After success, at least 5 new processes will be started on this machine: NameNode, DataNode, Jobtracke, Tasktracker, Secondarynamenode

View Hadoop boot Scenarios

JPs

8165 Jps27621 NameNode2982 oc4j.jar28001 JobTracker2454 Bootstrap28142 TaskTracker27764 DataNode27907 Secondarynamenode

If the reality is similar to the above information, it means that Hadoop has started normally, congratulations! Now that Hadoop is installed, it's time to use it.

Iv. preparing for the Eclipse development environment in Hadoop 4.1 install Eclipse and compile the plugin
CP eclipse-sdk-3.4-linux-gtk.tar.gz/opt                    //Copy eclipse-sdk-3.4-linux-gtk.tar.gz installation package to/opt directory cd/opt                                                     //Switch to/ Opt directory TAR-ZXVF eclipse-java-luna-sr1-linux-gtk.tar.gz            //Extract eclipse-sdk-3.4-linux-gtk.tar.gz Packets
Eclipse Plugin compile and use see http://f.dataguru.cn/thread-288619-1-1.html
4.2 Configuring Map/reduce Locations

Restart Eclipse, configure Hadoop installation directory,


If the plugin is installed successfully, open Window-->preferens, you will find the Hadoop map/reduce option, in this option configure Hadoop installation directory. Into the map/reduce perspective, for example,


New location


Configured as follows,


The host and port are the addresses and ports that I have configured in Core-site.xml, Mapred-site.xml, respectively. Exit after configuration is complete. Layers Open Dfs Locations, if you can display the folder (1) stating that the configuration is correct, check the configuration if you see "Deny Connection".

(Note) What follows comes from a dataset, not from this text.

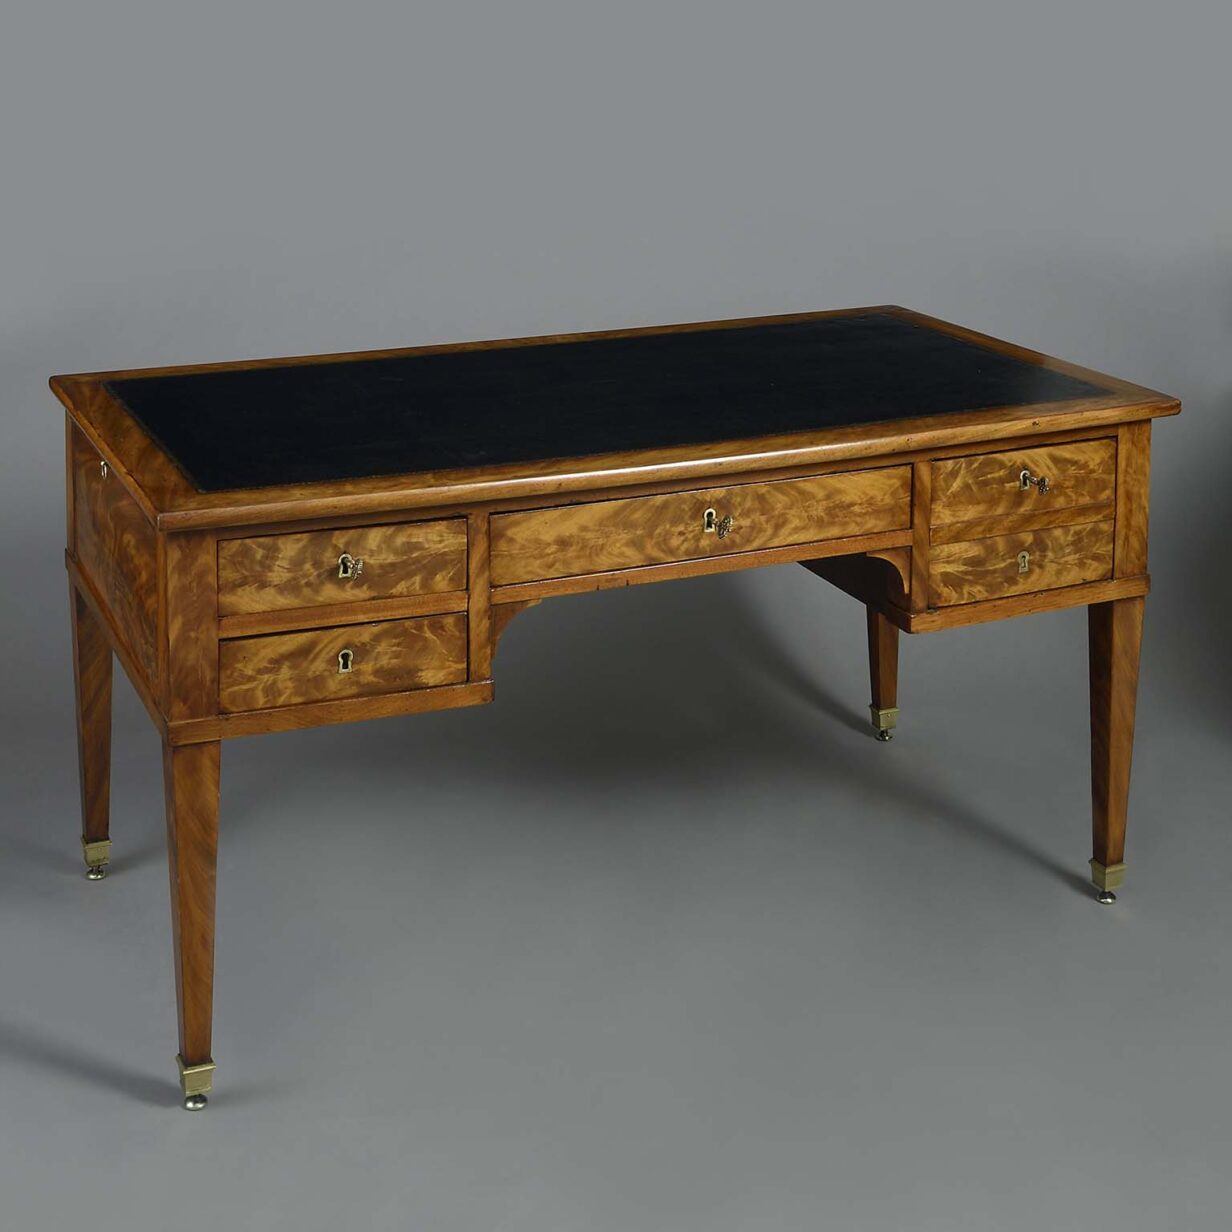 Late 18th century louis xvi period mahogany bureau plat
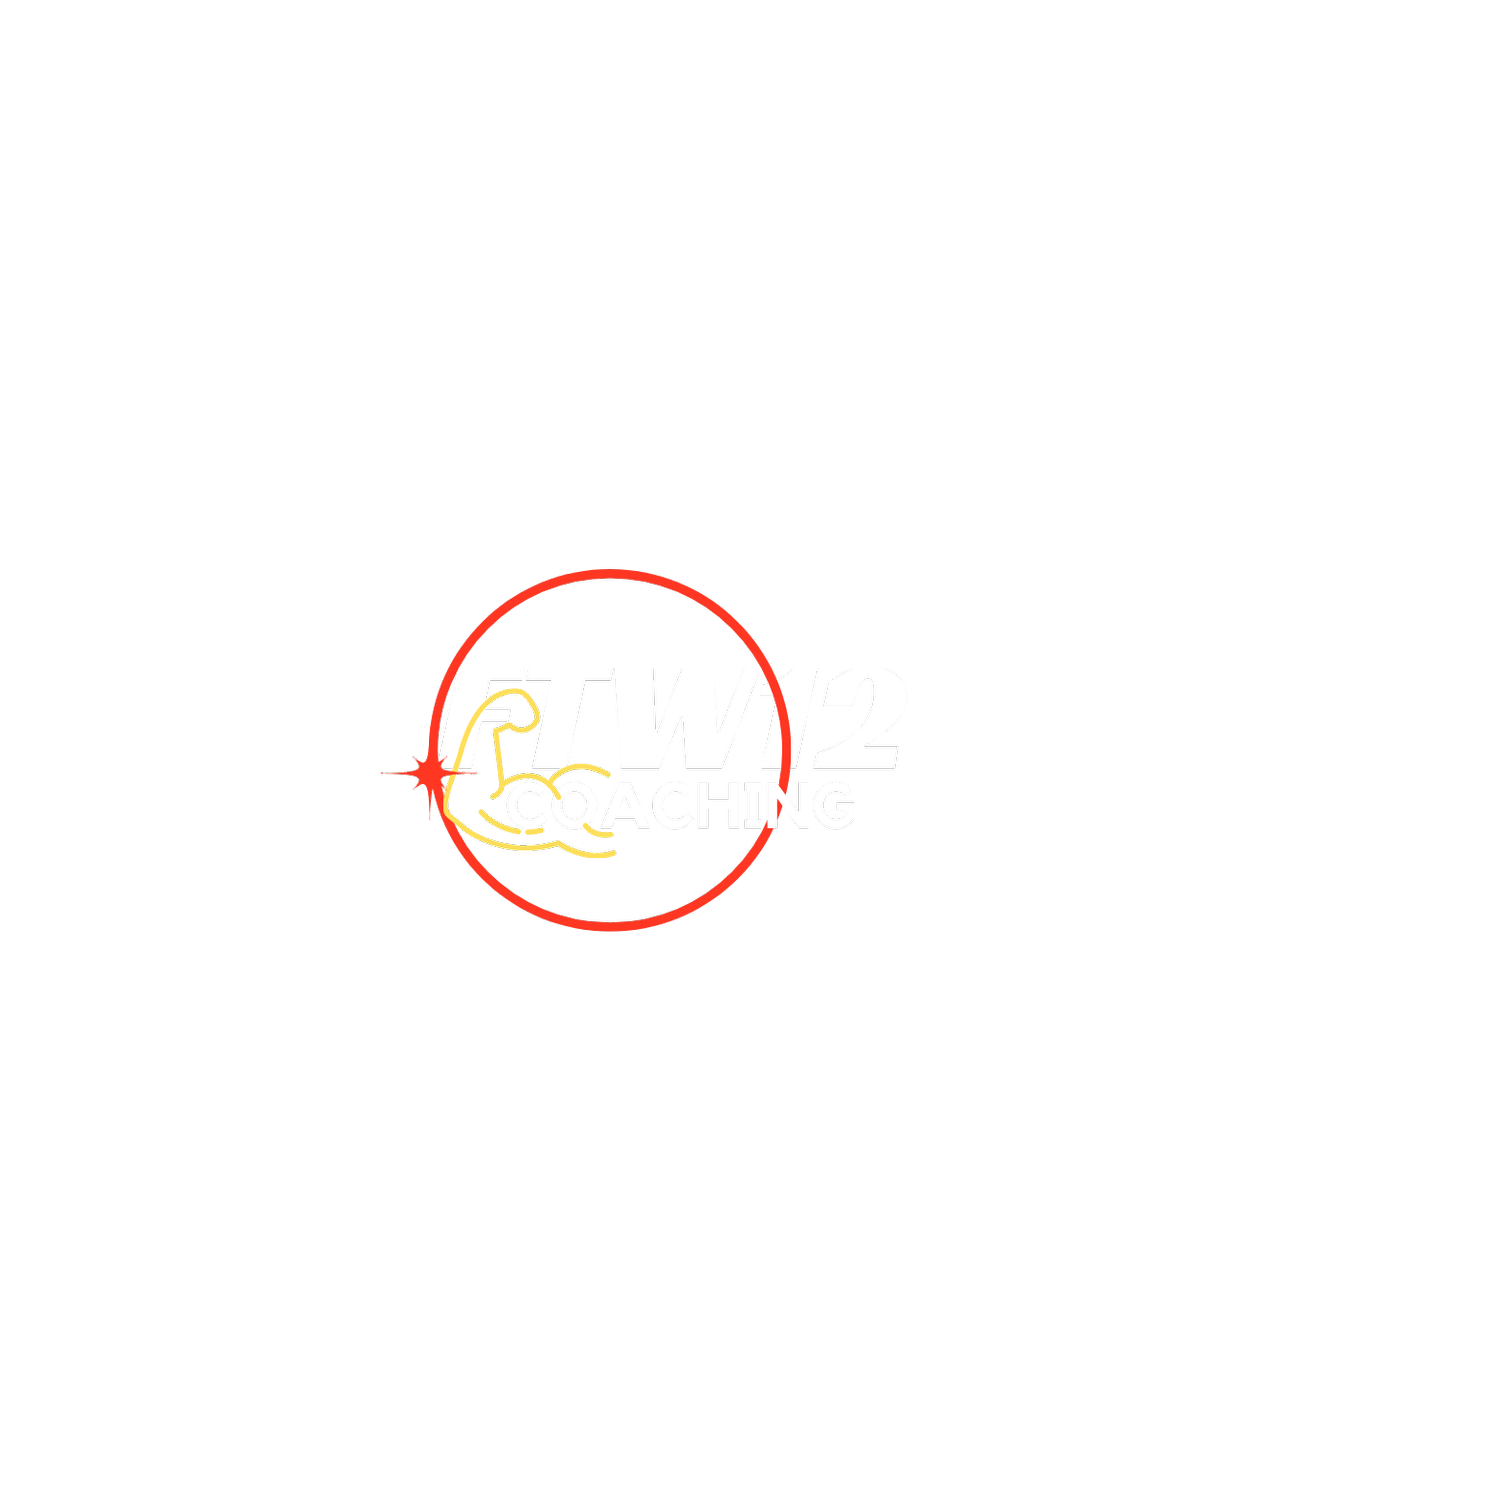 FTW12

4.3 First map/reduce Project

Create a new Map/reduce project and copy the Wordcount.java in example to the new project. First write a data input file, as follows:


Create the/tmp/workcount directory on HDFs with the command of Hadoop, with the following command:
Hadoop Fs-mkdir/tmp/wordcount
Copy the newly created Word.txt to HDFs with the copyfromlocal command as follows:
Hadoop fs-copyfromlocal/word.txt  /tmp/wordcount/word.txt

This time we go back to eclipse, in the map/reduce locations reconnect look, found more files, as shown below,


4.4 Running the first map/reduce Project

In Wordcount.java, right-click-->run as-->run configurations, configured as follows,


Two configuration parameters are easy to understand, that is, input files and output files. Click Run, running the program, and so on after the run, see the results of the run, also on the Map/reduce locations reconnect see (also can command Hadoop fs-ls/tmp/wordcount/out) will find another folder, The following two files are included.

Using the command to view the part-r-00000 file, Hadoop fs-cat/tmp/wordcount/out/part-r-00000 can view the results of the run.


Well, now set up the basic development environment, the small partners can go to toss!

Hadoop Development Environment Building

Contact Us

The content source of this page is from Internet, which doesn't represent Alibaba Cloud's opinion; products and services mentioned on that page don't have any relationship with Alibaba Cloud. If the content of the page makes you feel confusing, please write us an email, we will handle the problem within 5 days after receiving your email.

If you find any instances of plagiarism from the community, please send an email to: info-contact@alibabacloud.com and provide relevant evidence. A staff member will contact you within 5 working days.

A Free Trial That Lets You Build Big!

Start building with 50+ products and up to 12 months usage for Elastic Compute Service

  • Sales Support

    1 on 1 presale consultation

  • After-Sales Support

    24/7 Technical Support 6 Free Tickets per Quarter Faster Response

  • Alibaba Cloud offers highly flexible support services tailored to meet your exact needs.